Now to the courthouse caper. As Crisfield Johnson so beautifully wrote in his county history, in 1796, Sherwood "now united the glittering dignity of a lieutenant-colonel of militia with the humble duties of a village tavern-keeper."
Evidently the tavern's well-being took precedent. The court was held in the dining room. One day as the sessions had droned on, it apparently looked to Sherwood as if court were going to encroach upon the dinner-hour, impeding service to the taverns' regulars.
Hell knows no fury like a restaurateur kept from serving customers. Sherwood entered the courtroom and ordered the judges to leave. Forthwith!
However, an innkeeper's wrath is nothing compared to that of a judge, especially these judges, three of whom happened to be state senators. As Johnson wrote, that the judges "should be thus dictatorially ordered out of it, even by a lieutenant-colonel of militia, was almost enough to paralyze them with horror and indignation." Perhaps at that moment, but not at the next session.
Sherwood had actually succeeded in shutting down the court to get his food and beverage service going, his motto probably being, "Don't let the ale fail."

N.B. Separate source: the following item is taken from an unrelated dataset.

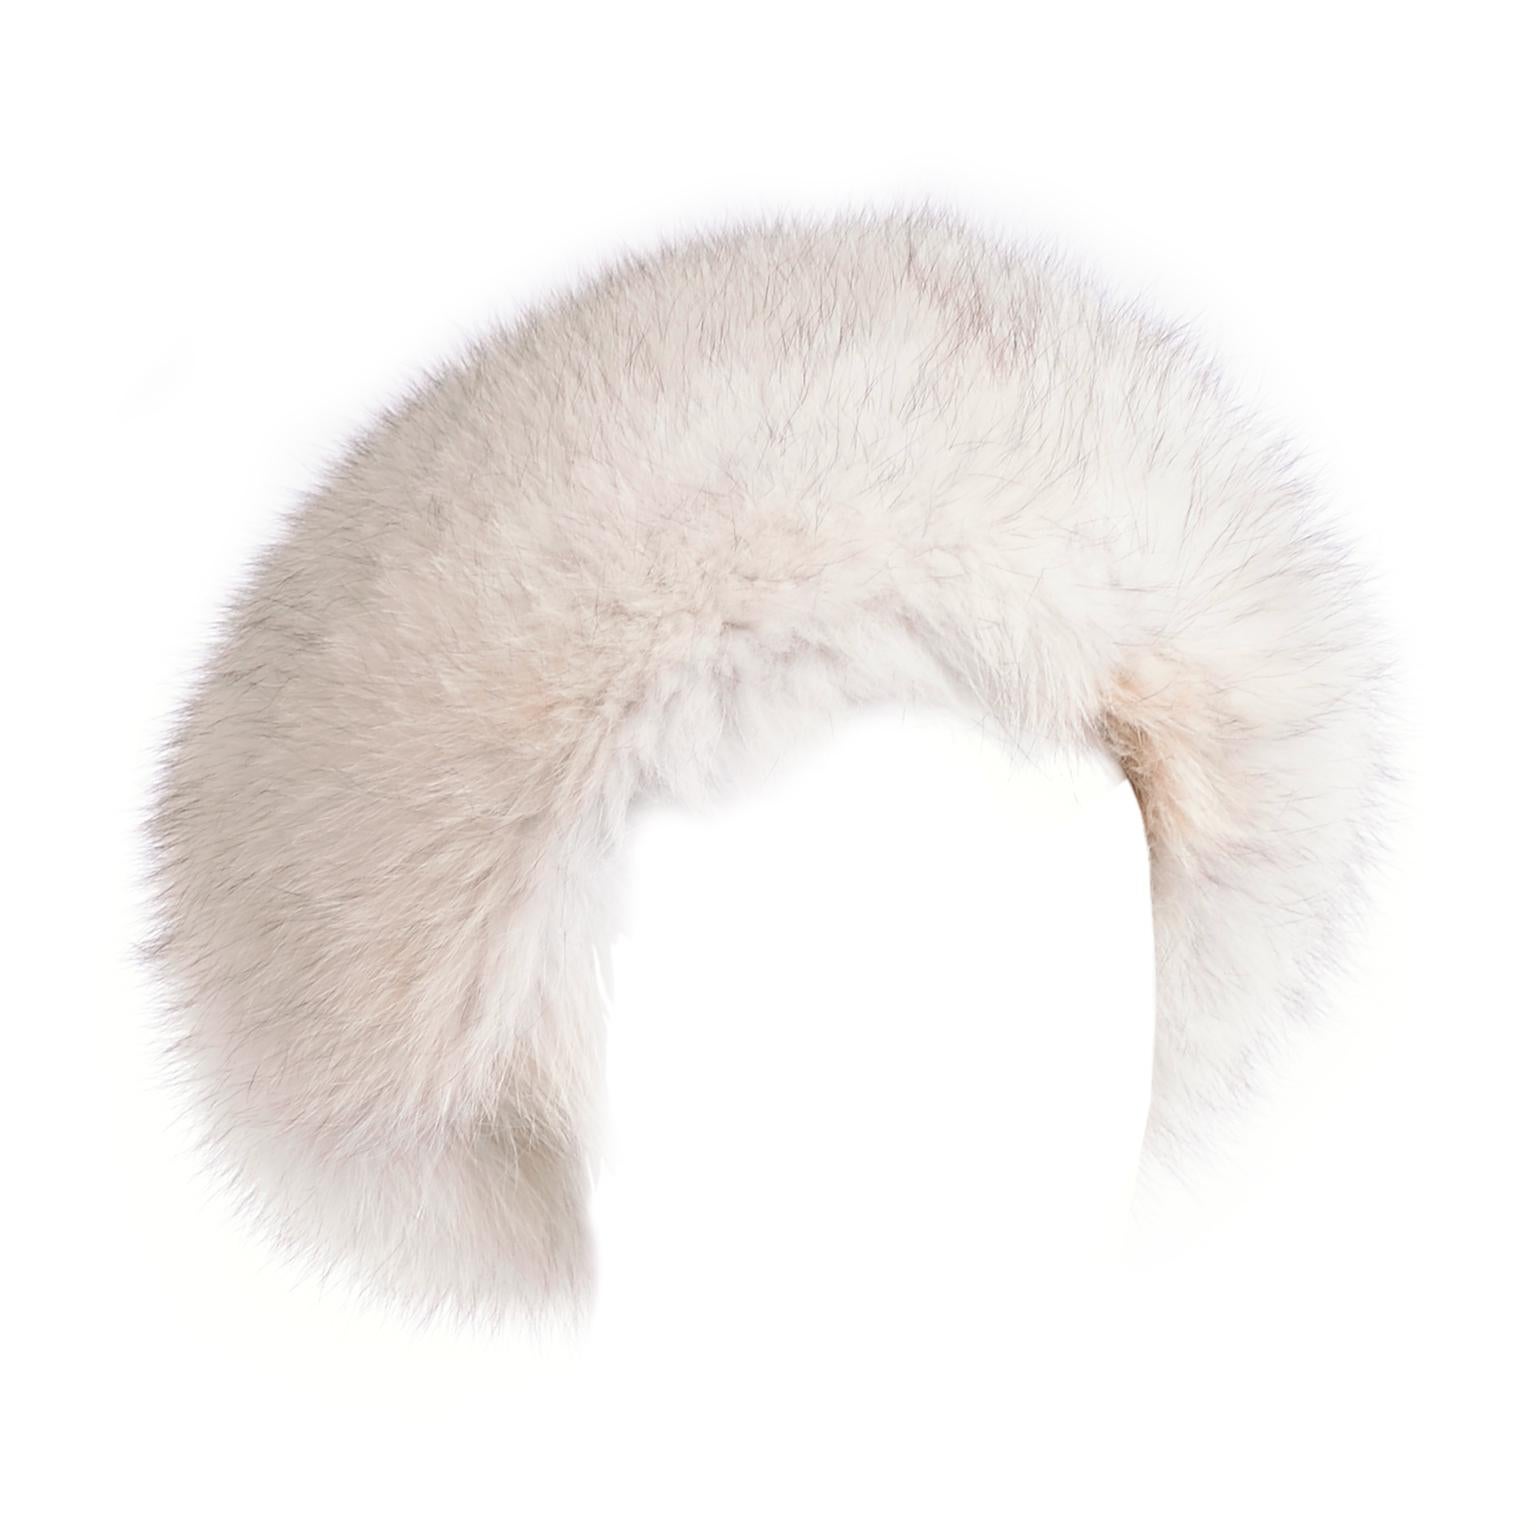 Rare James McQuay Furrier Vintage Fox Fur Hat Made in New York

However, at the next session the judges retaliated against the insolent innkeeper. Let the court record speak for itself: "Adiel Sherwood, having been guilty of contempt, it is ordered that the said Adiel Sherwood be committed to the common jail of Washington county for the space of fifteen days."
Fifteen days in the poky for one late dinner-hour. Adding monetary insult to civil injury, the offended jurists yanked the court out of Sherwood's tavern and changed the venue to the "hotel of Mary Dean, in Sandy Hill" (now Hudson Falls). Apparently Mary could juggle serving both judges and tankards of ale.
The change, however, still left the whole issue of the dual court and dual county seat intact, with courthouses in both Salem and Hudson Falls. It would not be until 1991 that the county courts would again be centralized in just one town.
In which town? Ah, yes, in Fort Edward.
It had taken nearly two centuries, but Adiel Sherwood got the last laugh.